Conclusions: In DM patients who presented with CCS and underwent PCI, half of the MACEs occurring during the follow-up were attributable to recurrence at the site of NCLs. NCLs responsible for unanticipated MACEs were frequently characterized by a large plaque burden and LDNCP volume, a small MLA, or a combination of these APCs, as determined by CCTA.

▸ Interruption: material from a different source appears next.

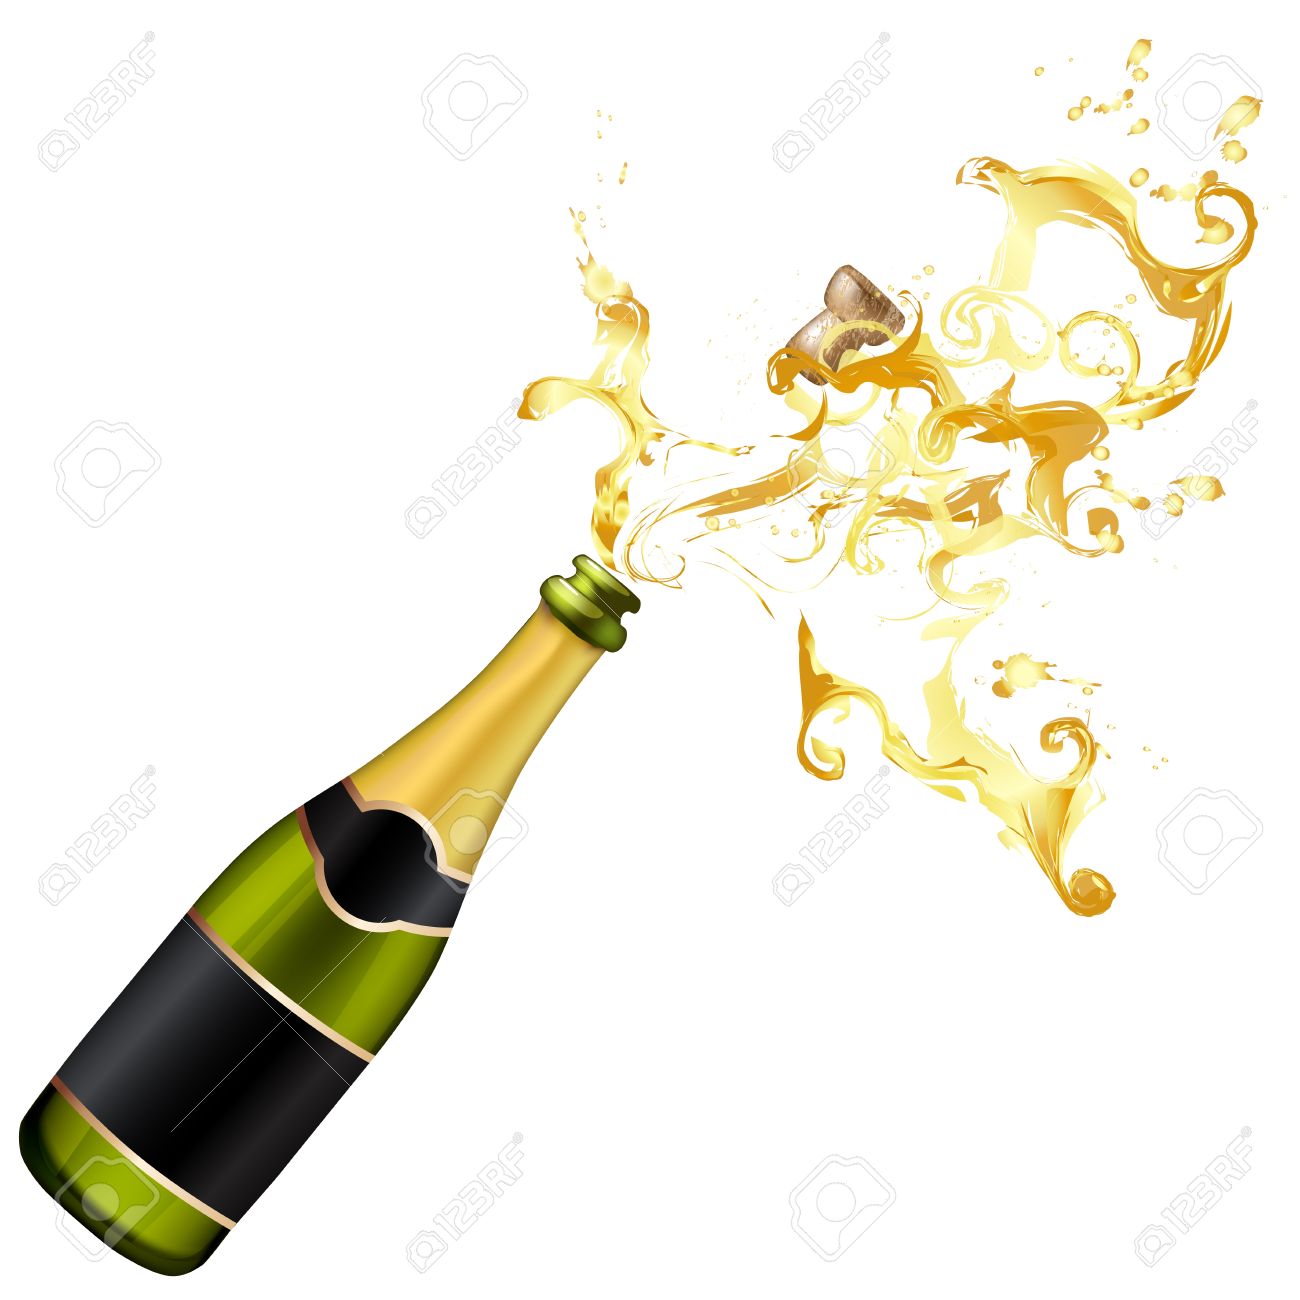 Champagne clipart cork pencil and in color champagne jpg

Keywords: adverse plaque characteristic; chronic coronary syndrome; coronary computed tomography angiography; diabetes mellitus; major adverse cardiovascular event; non-culprit lesion.

Grants and funding

This work was supported by the National Natural Science Foundation of China (grant no. 62206197), the Applied and Basic Research by Multi-input Foundation of Tianjin (grant no. 21JCYBJC00820), the Tianjin Health Research Project (grant no. TJWJ2022QN067), the Tianjin Key Laboratory of Cardiovascular Emergency and Critical Care certified by Tianjin Municipal Science and Technology Bureau, the Tianjin Medical Discipline Construction Project, the Tianjin Key Research Program of Traditional Chinese Medicine (grant no. 2022001 and 2023006), and the Tianjin Health Science and Technology Project (grant no. MS20015). The funding bodies did not have any input into the design of the study, data analysis, data interpretation, or manuscript writing.